Monday, October 18, 2010

Open Culture 2010 ruminations #1: Linked Data

I just came back from the Europeana plenary conference, Open Culture 2010, in Amsterdam. Before the conference I went to meetings of Working Party 1 (Users) and WP3 (Technical), and at all three gatherings I found myself ruminating on a few key areas: the question of Linked Data and the API; how social media and user generated content relate to the distribution model for Europeana; and the future of the project itself. In this first post I'll look at Linked Data and why I think we need to worry less about some things and more about others that aren't getting much attention; and I'll suggest some analogies etc that we might use to help sell the idea a bit.

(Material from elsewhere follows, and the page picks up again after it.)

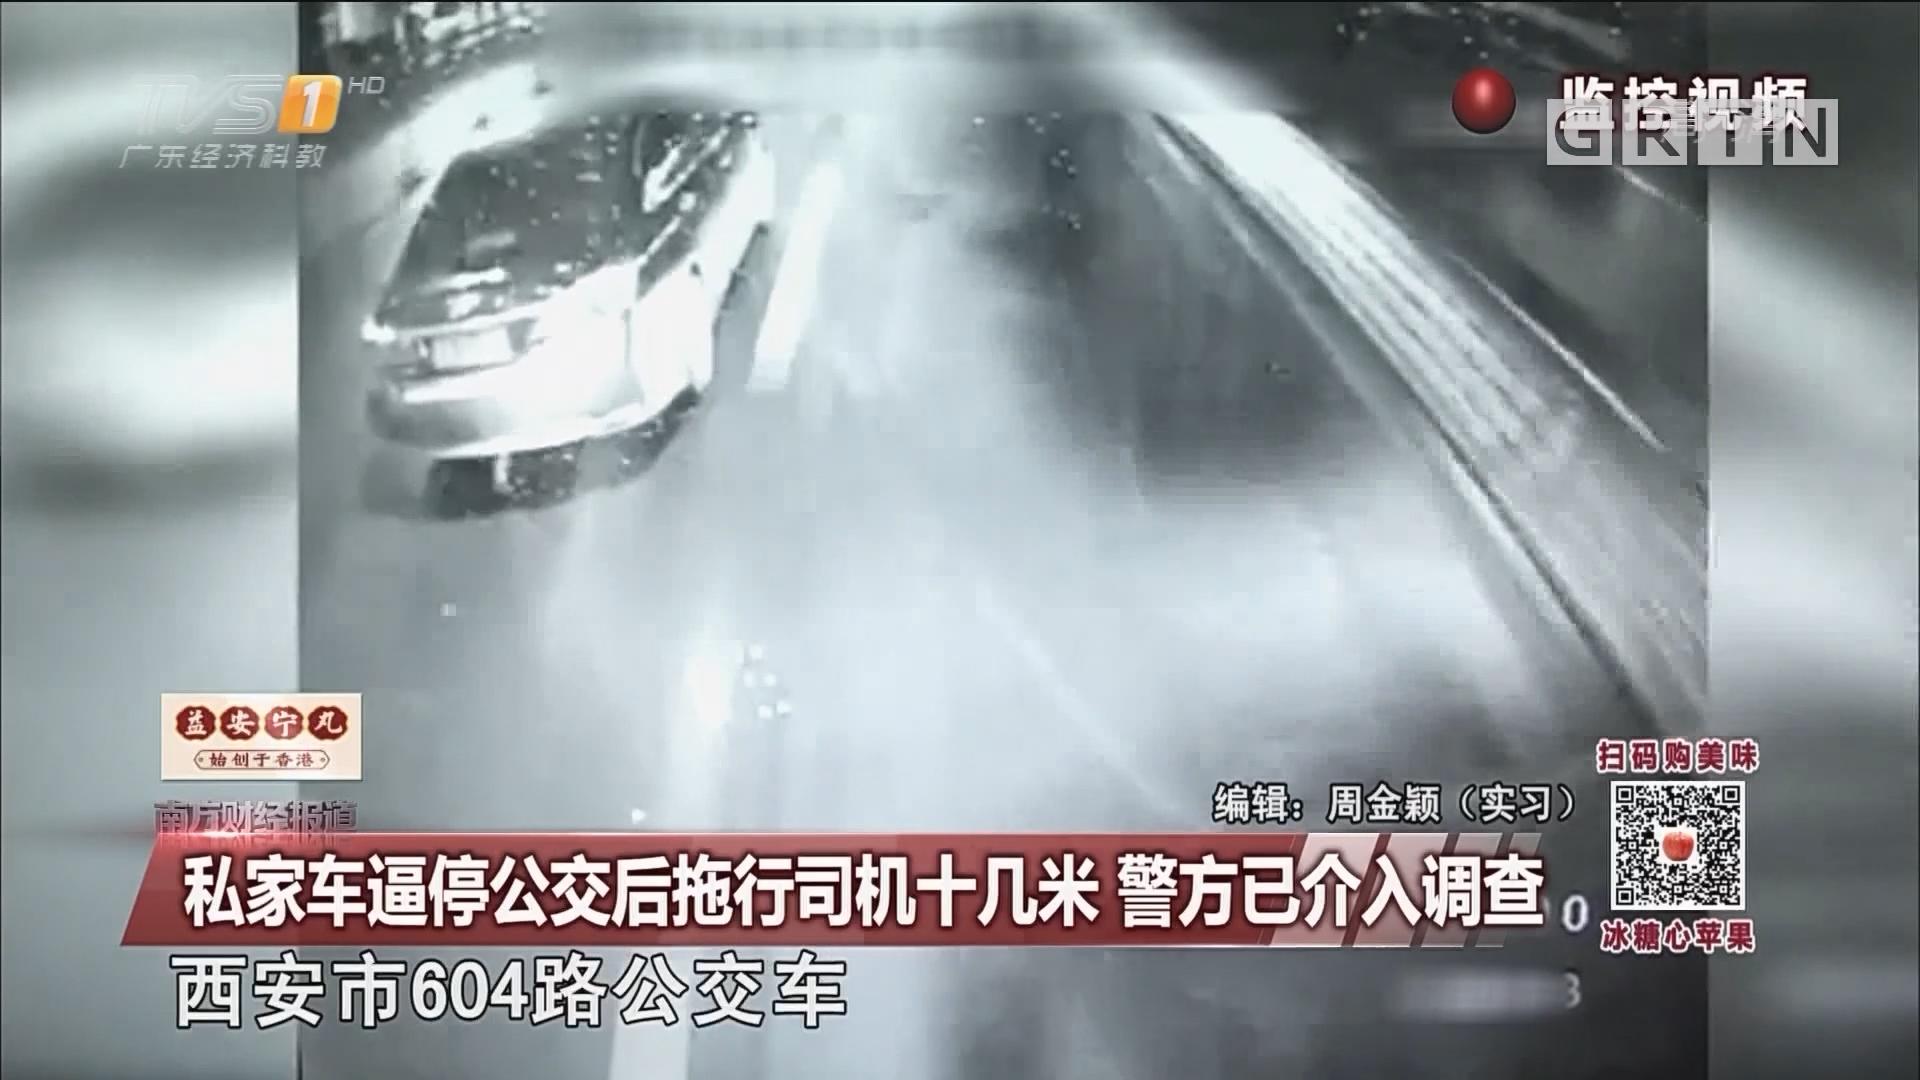 私家车逼停公交后拖行司机十几米 警方已介入调查

Linked (Open) Data was a constant refrain at the meetings (OK, not at the WP1 meeting) and the conference, and two things struck me. Firstly, there’s still lots of emphasis on creating out-bound links and little discussion of the trickier(?) issue of acting as a hub for inbound links, which to my mind is every bit as important. Secondly, there’s a lot of worry about persuading content providers that it’s the right thing to do. Now the very fact that it was a topic of conversation probably means that there really is a challenge there, and it’s worth then taking some time to get our ducks in a row so we can lay out very clearly to providers why it is not going to bring the sky crashing down on their heads.
During a brainstorming session on Linked Data, the table I sat with paid quite a lot of attention to this latter issue of selling the idea to institutions. The problem needs teasing apart, though, because it has several strands – some of which I think have been answered already. We were posed the questions “Is your institution technically ready for Linked Data” and “Does it have a business issue with LD?”, but we wondered if it’s even relevant if the institution is technically ready: Europeana’s technical ability is the question, and it can step into the breach for individual institutions that aren't technically ready yet. With regard to the "business issue" question, one wonders whether such issues are around out-going links, or incoming links? Then, for inbound linkage, is it the actual fact of linkage, or the metadata at the end of the link that are more likely to be problematic? And what are people’s worries about outbound links?
What we resolved it down to in the end was that we expected people would be most worried about (a) their content being “purloined”, and (b) links to poor-quality outside data sources. But how new are these worries? Not new at all, is the answer, and Linked Data really does nothing to make them more likely to be realised, when you think about what we already enable. In fact, there’s a case to be made that not only does LD increase business opportunities but it might also increase organisations’ control over “their” data, and improve the quality of things that are done with it: letting go of your data means people don’t do a snatch-and-grab instead.
Ultimately, I think, Linked Data really doesn’t need a sales effort of its own. If Europeana has won people over to the idea of an API and the letting-go of metadata that it implies, then Linked Data is nothing at all to worry about. What does it add to what the API and HTML pages already do? Two things:
  • A commitment to giving resources a URI (for all intents and purposes, read “stable URL”), which they should have for the HTML representation anyway. In fact, the HTML page could even be at that URI and either contain the necessary data as, say, RDFa in the HTML, or through content negotiation offer it in some purer data format (say, EDM-XML).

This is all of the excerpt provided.